A. C-Reactive Protein
C-reactive protein (CRP) was the first APP to be identified in the blood of humans and nonhuman primates (NHP) infected with Streptococcus pneumoniae. The “C” fraction (C polysaccharide) of the bacteria was found to react with CRP.36 It is one of the most well-known APP given its use in humans after myocardial infarction.37 As CRP has become more understood, the diagnostic utility has grown to include wellness assessments on clinically normal humans as well as patients with underlying diseases including diabetes and coronary heart disease.14, 38, 39
CRP is composed of five subunits combining to form a pentameric structure.40 It acts as an opsonin binding polysaccharide residues on bacteria, fungi, and parasites to activate complement and phagocytosis.41 CRP has also been described to result in the induction of cytokines and interact with Fc-gamma receptors prompting the hypothesis that CRP is also interactive in the adaptive immune response.42 Serum amyloid P (SAP), a major APP of mice, is considered to have biological functions and structural similarities to CRP.43
CRP is a major APP of the canine species and a canine-specific ELISA is commercially available.44 Recently, a human immunoturbidimetric assay for CRP has been validated for use with canine sera.45 This appears to be manufacturer specific as many other human CRP reagents fail to provide any cross-reactivity.44, 46
B. Serum Amyloid A
SAA is normally found complexed with lipoproteins and different isoforms have been described with numbers varying by species.47 SAA represents one of the most conserved proteins among mammals supporting the premise that it has a basic and essential role in the innate immune system. In species with CRP, SAA often mirrors the magnitude and time course of the response.48 Studies have demonstrated SAA activity in chemotaxis of leukocytes as well as the induction of additional proinflammatory cytokines.49, 50 In addition, SAA has also been described to induce extracellular matrix degrading enzymes which can assist in tissue repair.47
Assays for SAA in animals had been traditionally in the ELISA format. More recently, an immunoturbidimetric assay for human SAA was described with excellent reactivity for equine SAA.51 Similar assays have been described for use with other species.52
C. Haptoglobin
Haptoglobin (HP) is composed of 2α and 2β subunits. There are different subtypes and these may vary with species.8 HP binds free hemoglobin which may be released during various autoimmune, infectious, or inherited diseases.53 This HP–hemoglobin complex is phagocytosed by macrophages via the CD163 receptor. In mouse models, clearance is rapid with a half-life of less than 50 min.53 In HP-deficient mice, high levels of hemoglobin are found to accumulate in the kidney.54 The effective binding to CD163 has been found to stimulate cytokine production, and HP has also been linked to protease activity and immune suppression.55 Interestingly, HP is found both in mammals and in fish but not in chickens and in frogs where another hemoglobin-binding protein has been identified called PIT54.56
Assays for HP in animals are often via spectrophotometry using the natural affinity of HP for hemoglobin.57 Immunoassays for human HP which show cross-reactivity with animal HP are also available but are not widely implemented.58
D. Other APP
Alpha 1-acid glycoprotein (AGP) is a highly glycosylated protein which has the ability to bind drugs including heparin, serotonin, steroids, and histamine.59 This protein has also been implicated in anti-inflammatory responses and has been described to bind LPS.59, 60 Assays for AGP in animals are commonly performed via radial immunodiffusion making this particular APP unenviable for use as a rapid diagnostic test.
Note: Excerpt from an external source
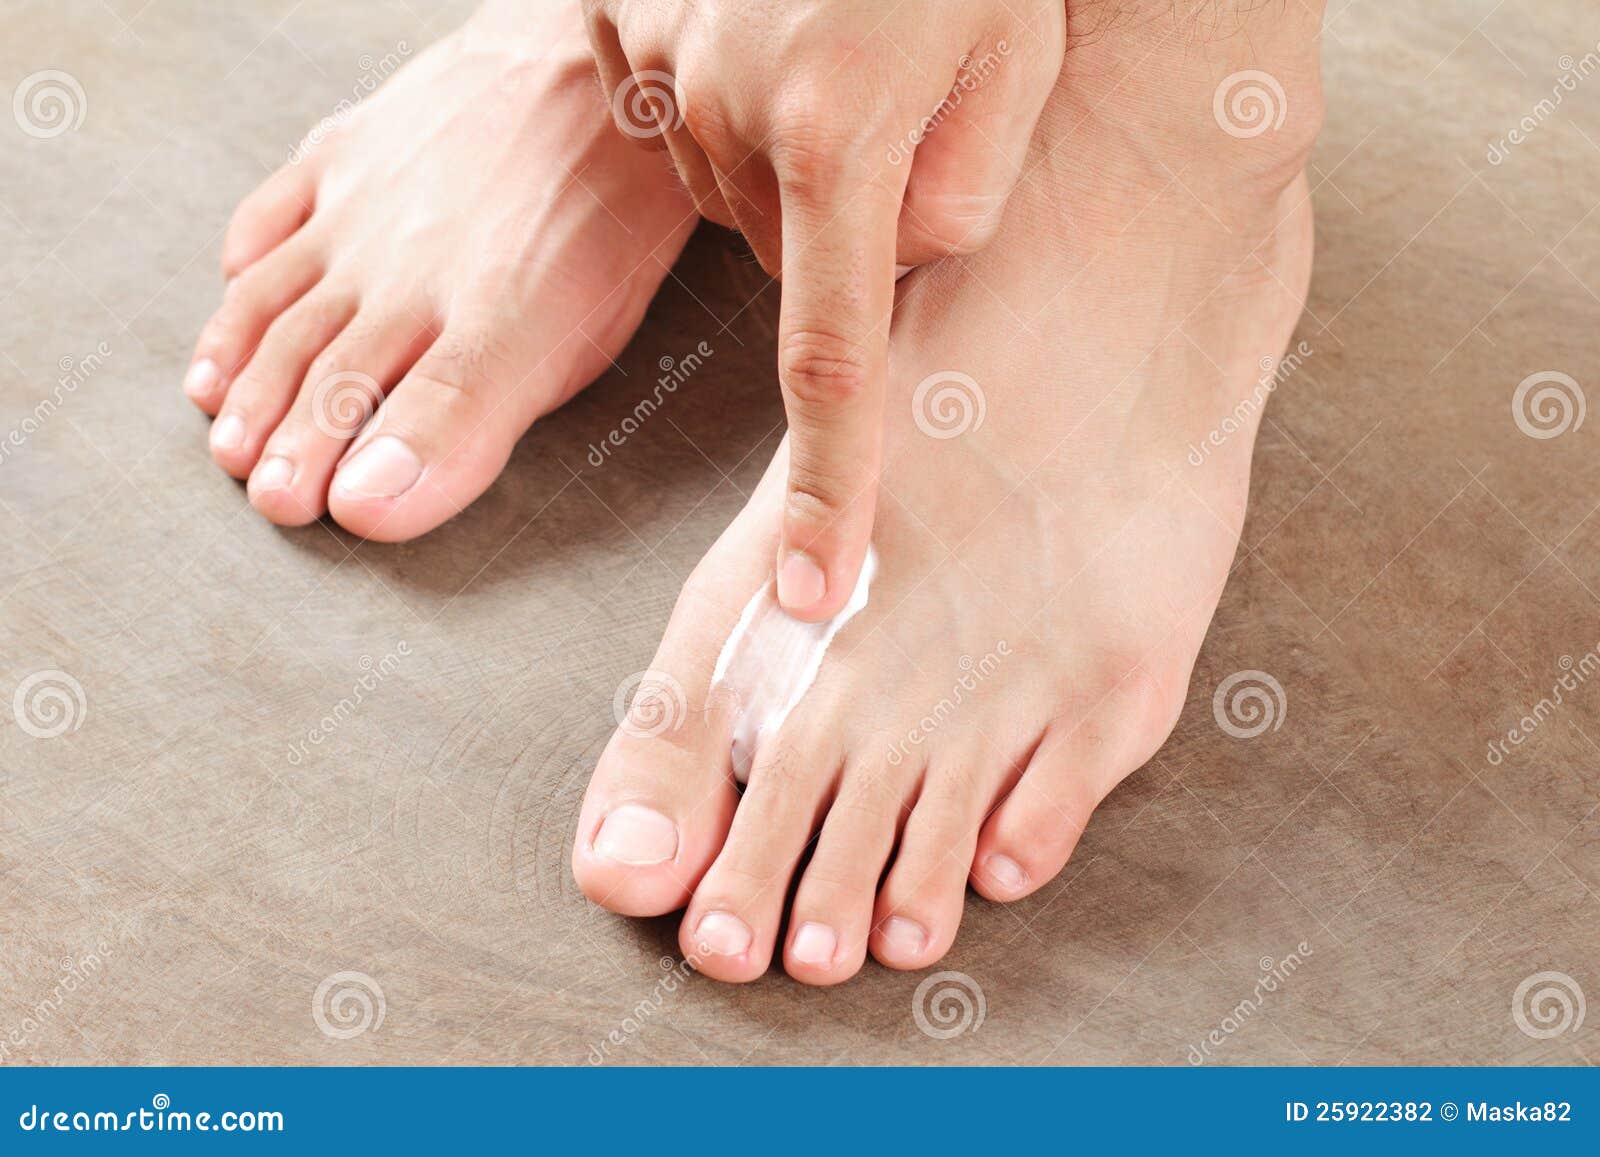 athlete's foot treatment

A feline-specific immunoturbidimetric assay has been described.61
Fibrinogen, like HP, is present in the serum of all vertebrates and has been recognized to be part of the APR for several years. It is a large protein composed of six polypeptide chains and a glycoprotein which is converted by thrombin into fibrin and is essential in the coagulation cascade.62 Many assays are based on heat precipitation methodology.63
Ceruloplasmin (CP) is a glycoprotein which binds most of the free serum copper. In the inflammatory process, it acts as a protectant against damage by free iron which promotes free radical oxidation.64 ELISA-based assays are available for quantitation of this biomarker.
Pig major acute phase protein (Pig-MAP) is one of the main APP in swine. It is a glycoprotein that appears to be unique to this species; it functions as a trypsin inhibitor.65 ELISA methodology is validated for quantitation of this protein.66
Protease inhibitors include MAP as well as alpha 1-antitrypsin, alpha 1-antichymotrypsin, and alpha 2-macroglobulin (A2M).3 Proteases are released during damage as well as from responding neutrophils; these inhibitors are protective from immune-mediated damage.
E. Negative Acute Phase Proteins
Albumin is the major negative APP in all species. As the most abundant protein in the serum, it serves as a source of nutrients and a regulator of osmotic pressure. Decreases can be attributed to protein loss due to kidney or gastrointestinal disease or edema and also due to decreased synthesis related to liver disease or malnutrition.33 In mammals, the iron transporter transferrin (TN) is also a negative APP, although in avian species it has been shown to increase with the APR.67, 68
F. Quantitation of APP
Given the broad range of APP, the differences which occur at the species levels (see Section IV), and the rapid changes in technology over the past 25 years, it is understandable that many of the publications referenced in this review have used a myriad of techniques to assess the APR. At the research level, proteomic profiling has been utilized. With the maturation of immunoassays, immunodiffusion tests, ELISA, and immunoturbidimetric assays have been employed. Where possible, colorimetric assays have also been implemented. Lastly, the APR has been broadly judged by the use of serum protein electrophoresis. This method provides quantitation of albumin and then fractions of APP which are grouped as alpha 1, alpha 2, beta, and gamma globulins based on their migration characteristics.33 Major benefits of this method are not having the need for species-specific reagents and the assessment of the complete APR—albumin and the groups of APP. Protein electrophoresis has been commonly implemented in avian species as an adjunct test to infectious disease assessments.69, 70 A negative to this assay is the limits of detection as fraction sensitivity is at the g/dL level rather than the mg/L level obtained by specific APP assays.71
APP assays have become more available to researchers and veterinarians in recent years. In many cases, labor intensive and costly ELISA-based assays have been replaced by automated assays that have heterologous cross-reactivity with many species. Examples of this type of assay include the Eiken SAA immunoturbidimetric assay (a human assay which reactive with horse and cat but not dog SAA) and the Randox reagents for CRP (a human assay which is reactive with dog CRP).45, 72 These assays afford a commercial source of reagents negating lengthy developmental time. In other cases, species-specific reagents are preferred. These include an immunoturbidimetric assay for feline AGP and a pig-MAP-specific ELISA.61, 66 These needs are based more on the unique APP in particular species which defies the routine use of human or other reagents.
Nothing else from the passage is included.